**WHAT TO PRODUCE**
Without the images, reproduce each line of the material exactly.

**SUPPLIED DATA**
[Start of Attachment]

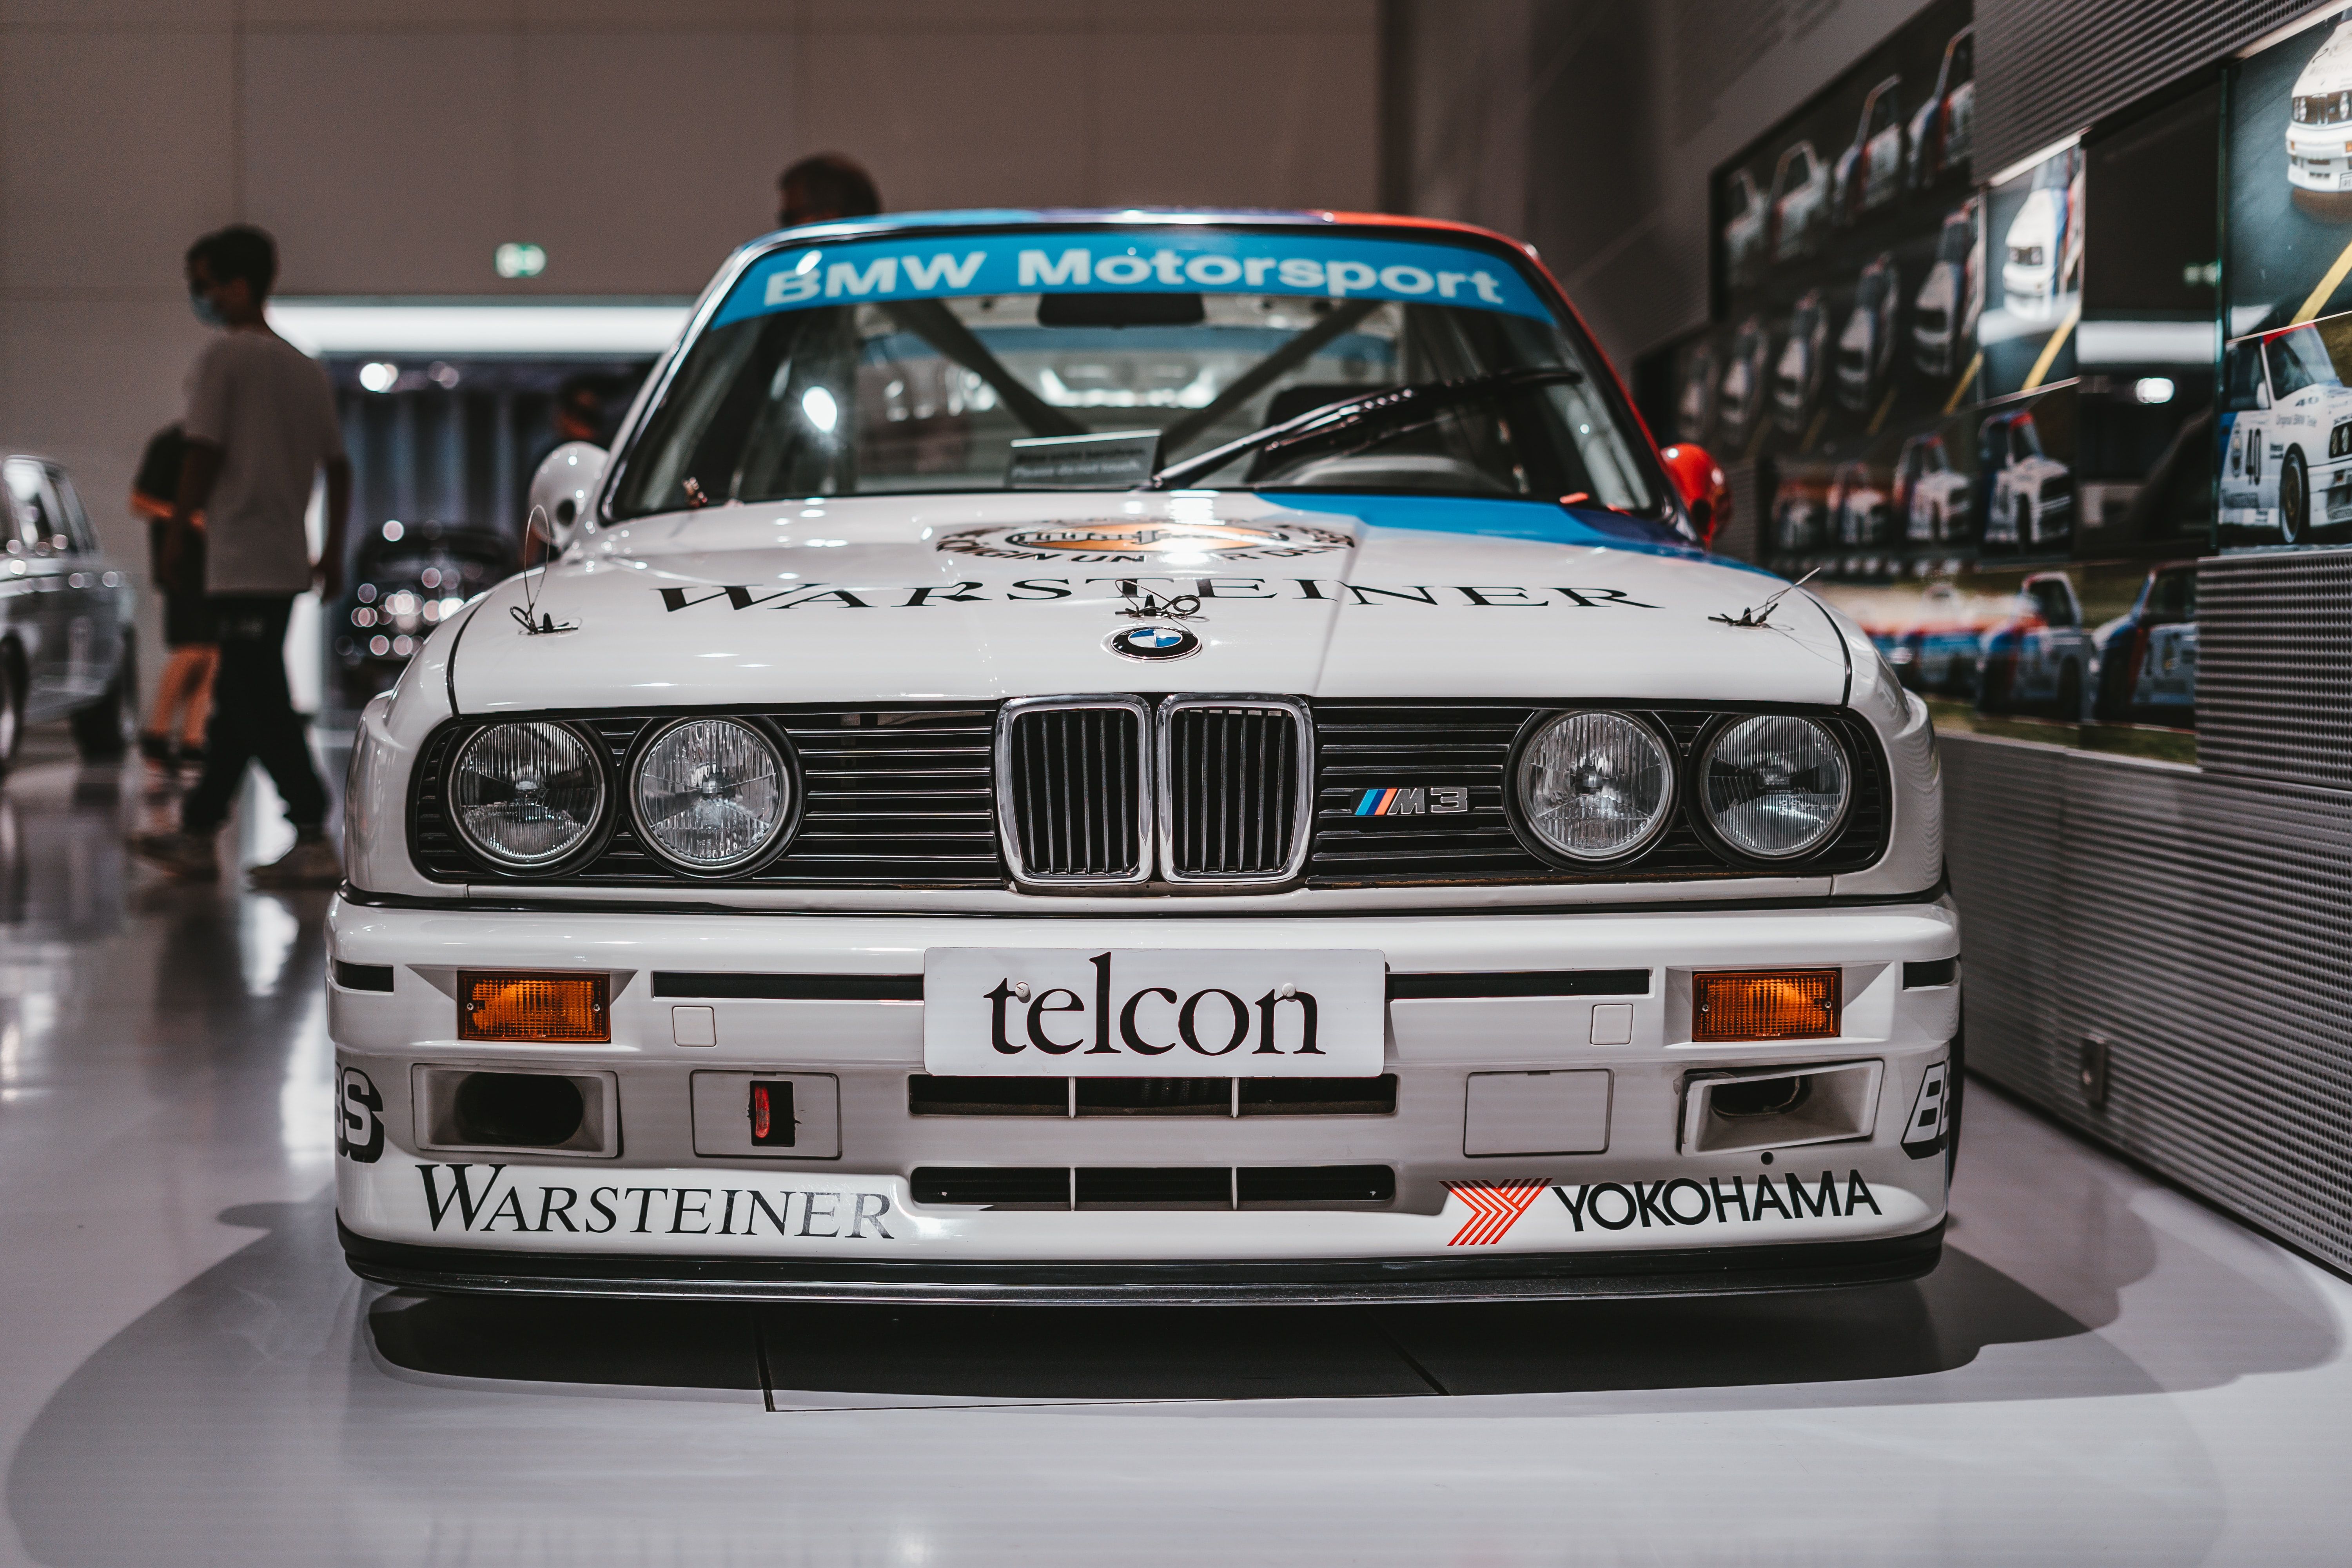 White Racing M3 E30 at exhibition
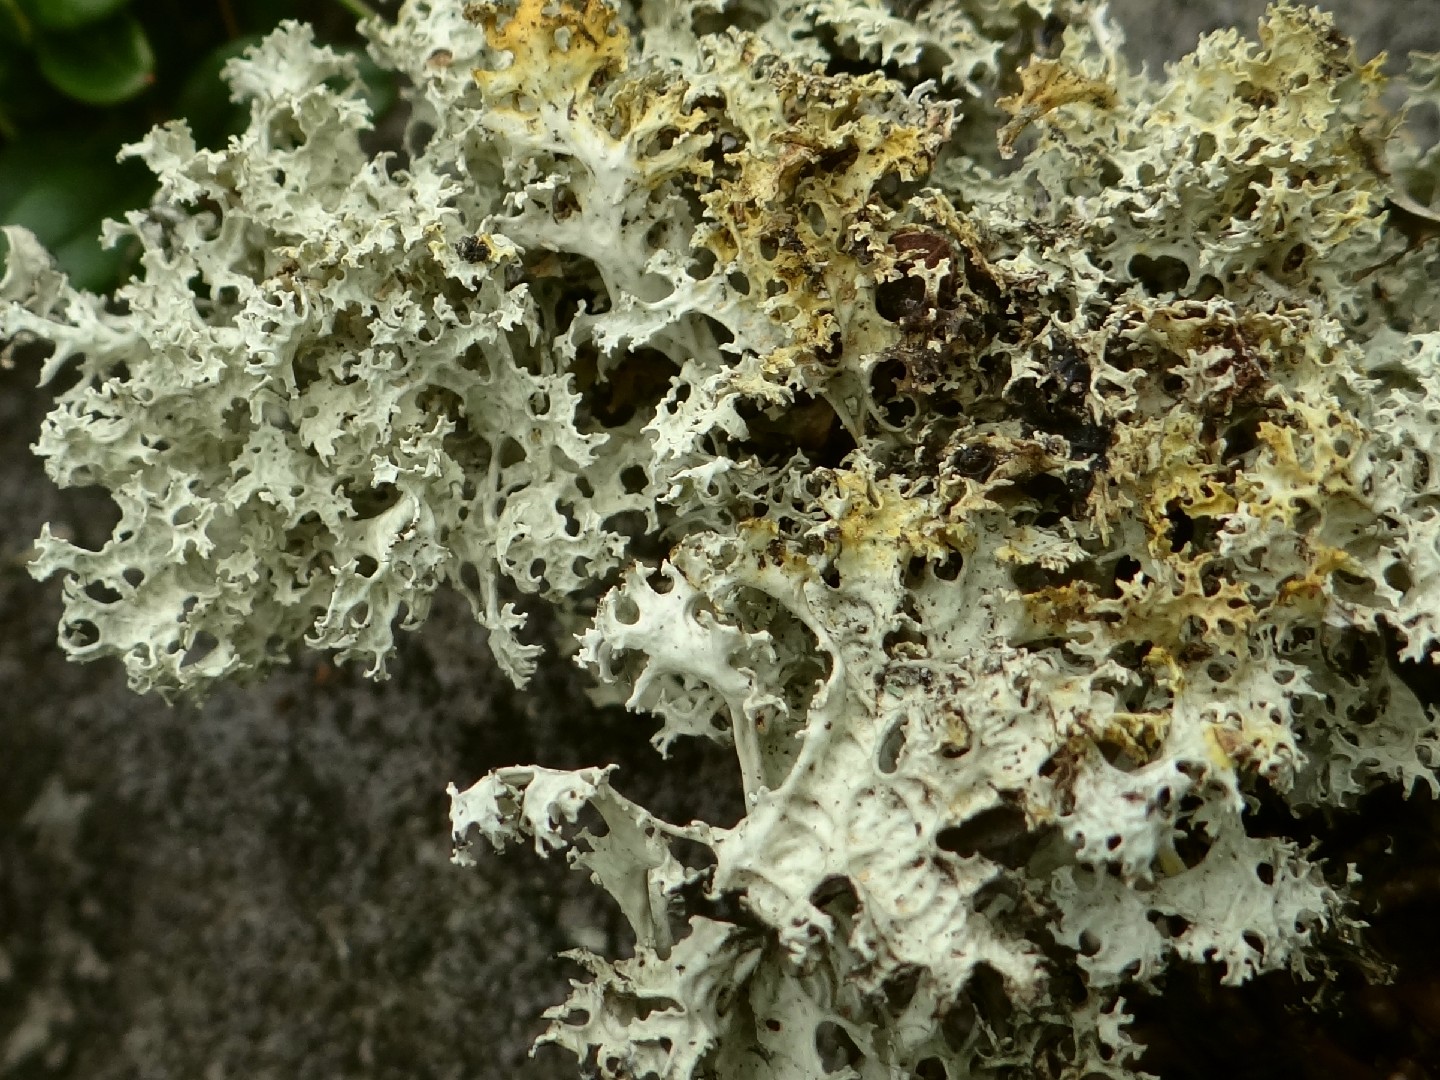 Crinkled snow lichen (Flavocetraria nivalis)
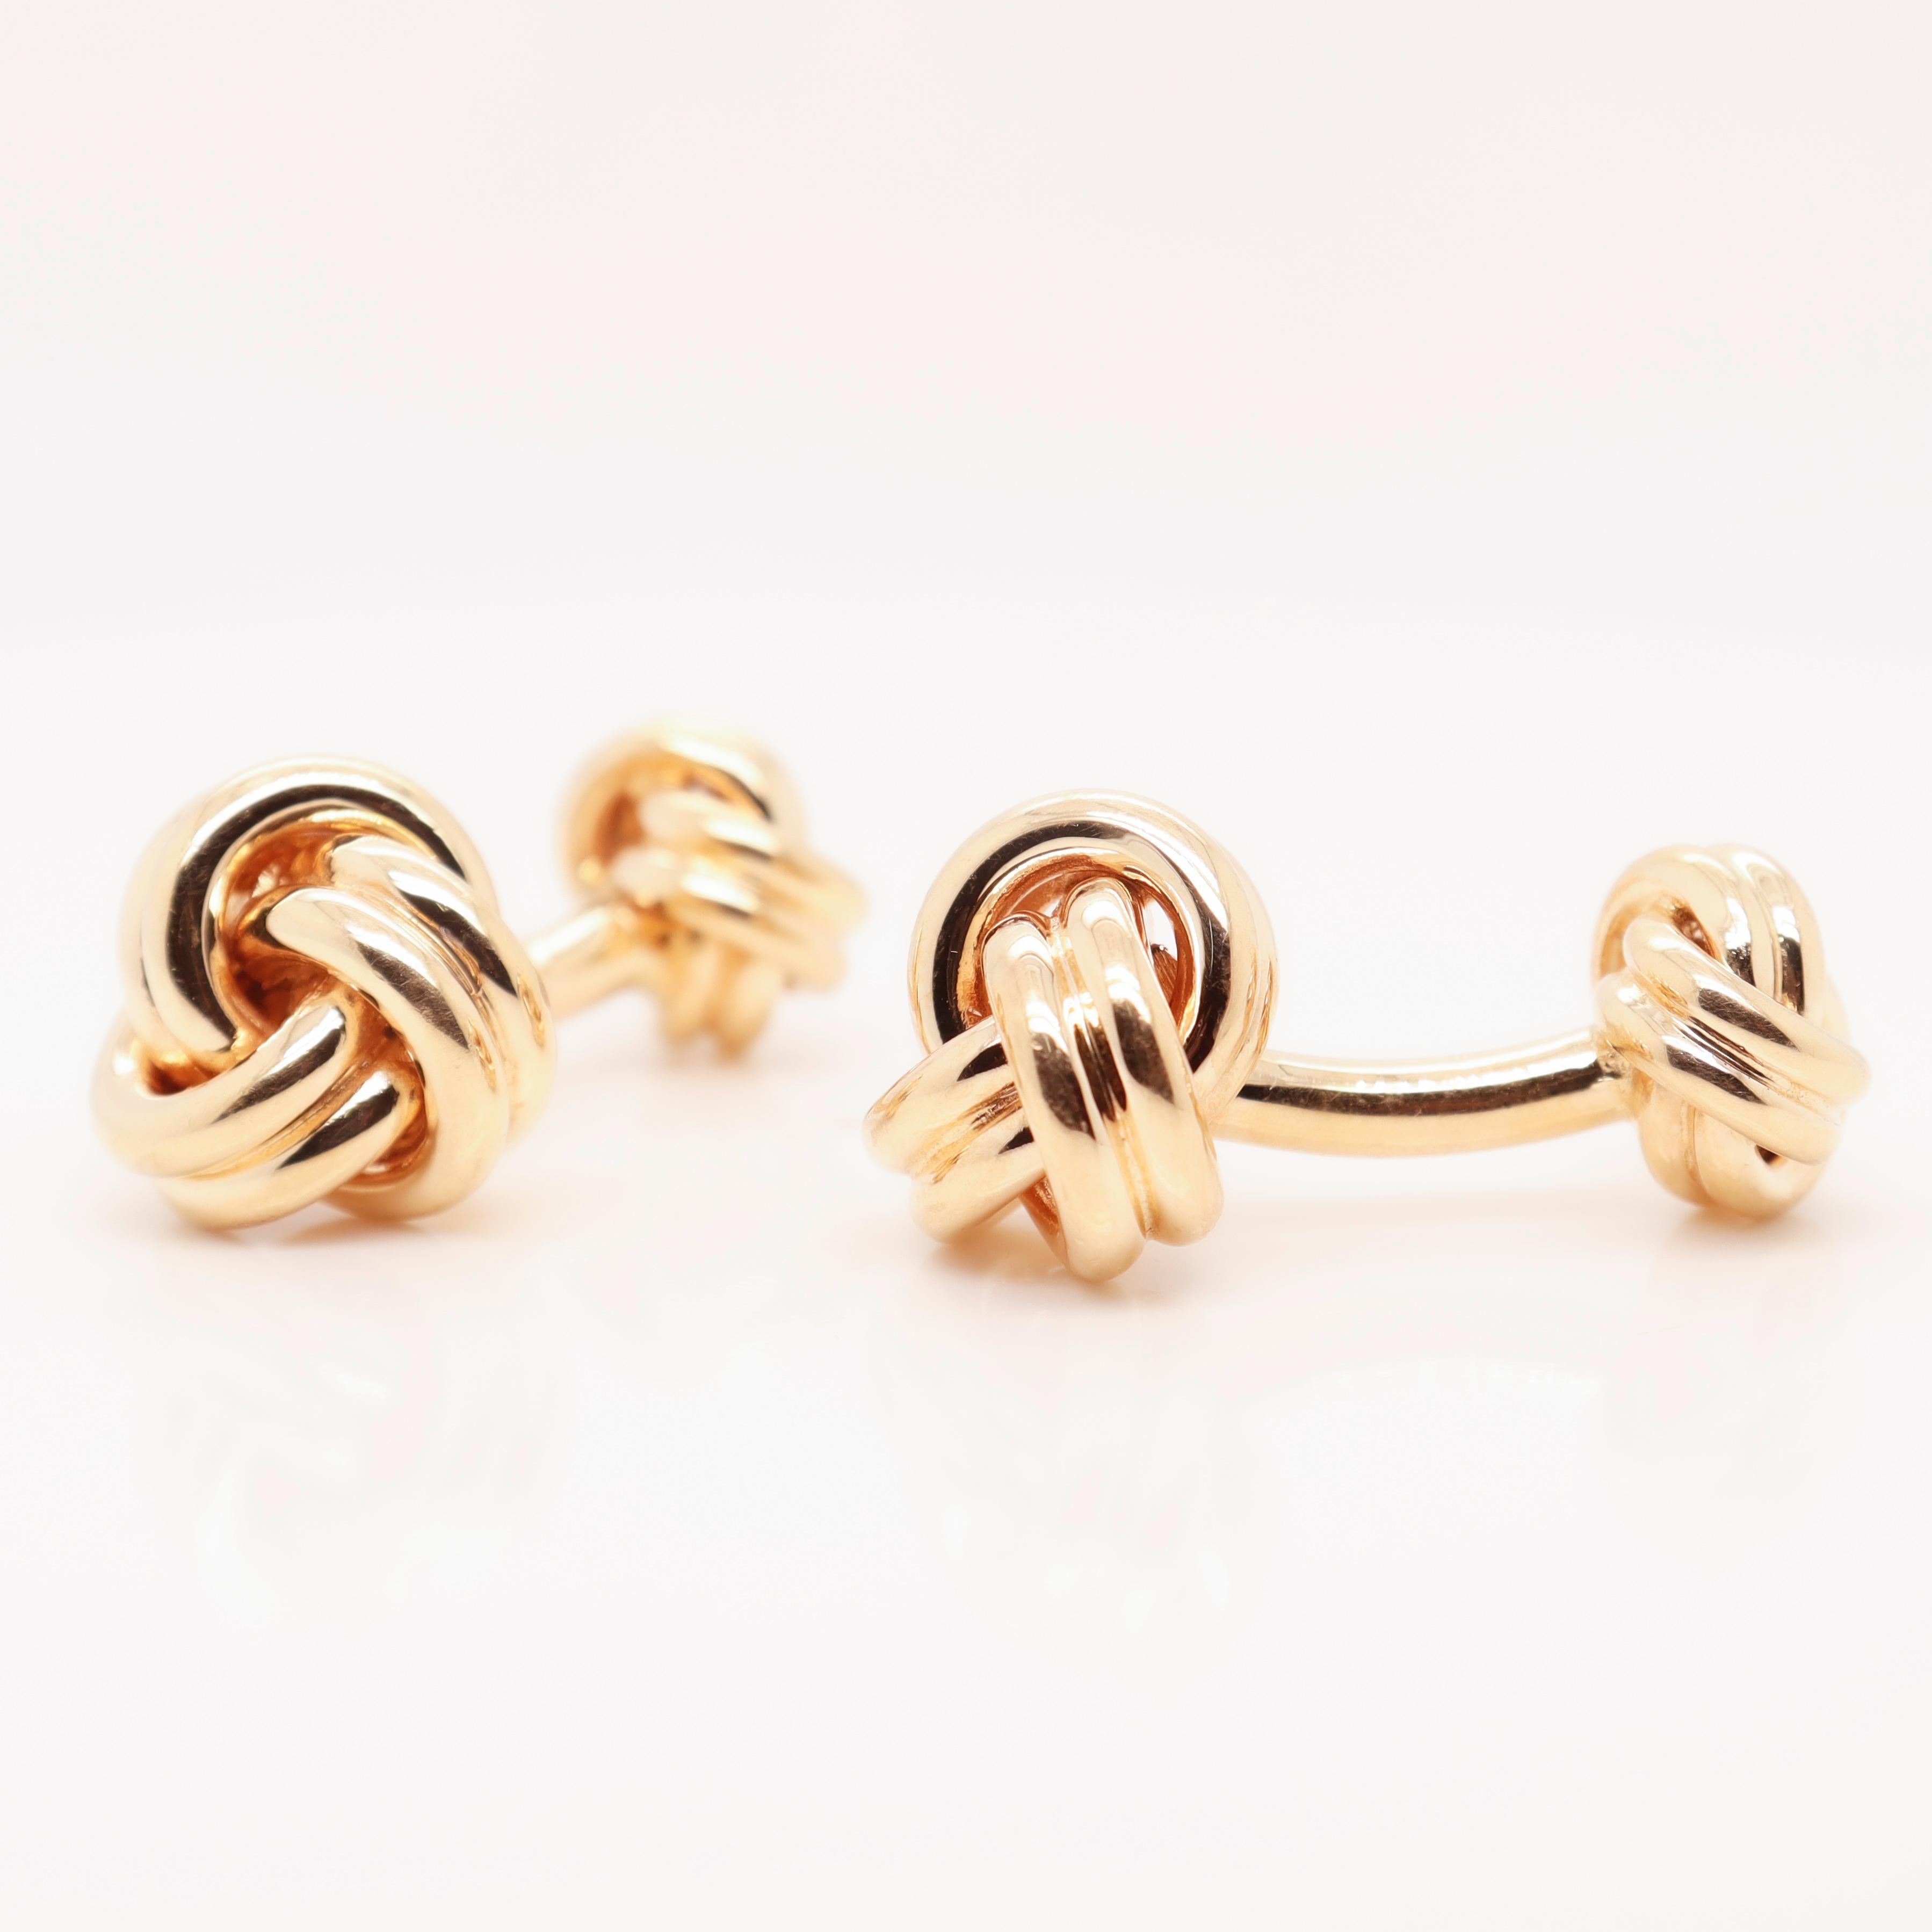 Pair of Tiffany & Co. 14k Gold Double Love Knot Cufflinks 5

[End of Attachment]

**FINISHED TASK**
 White Racing M3 E30 at exhibition
 Crinkled snow lichen (Flavocetraria nivalis)
 Pair of Tiffany & Co. 14k Gold Double Love Knot Cufflinks 5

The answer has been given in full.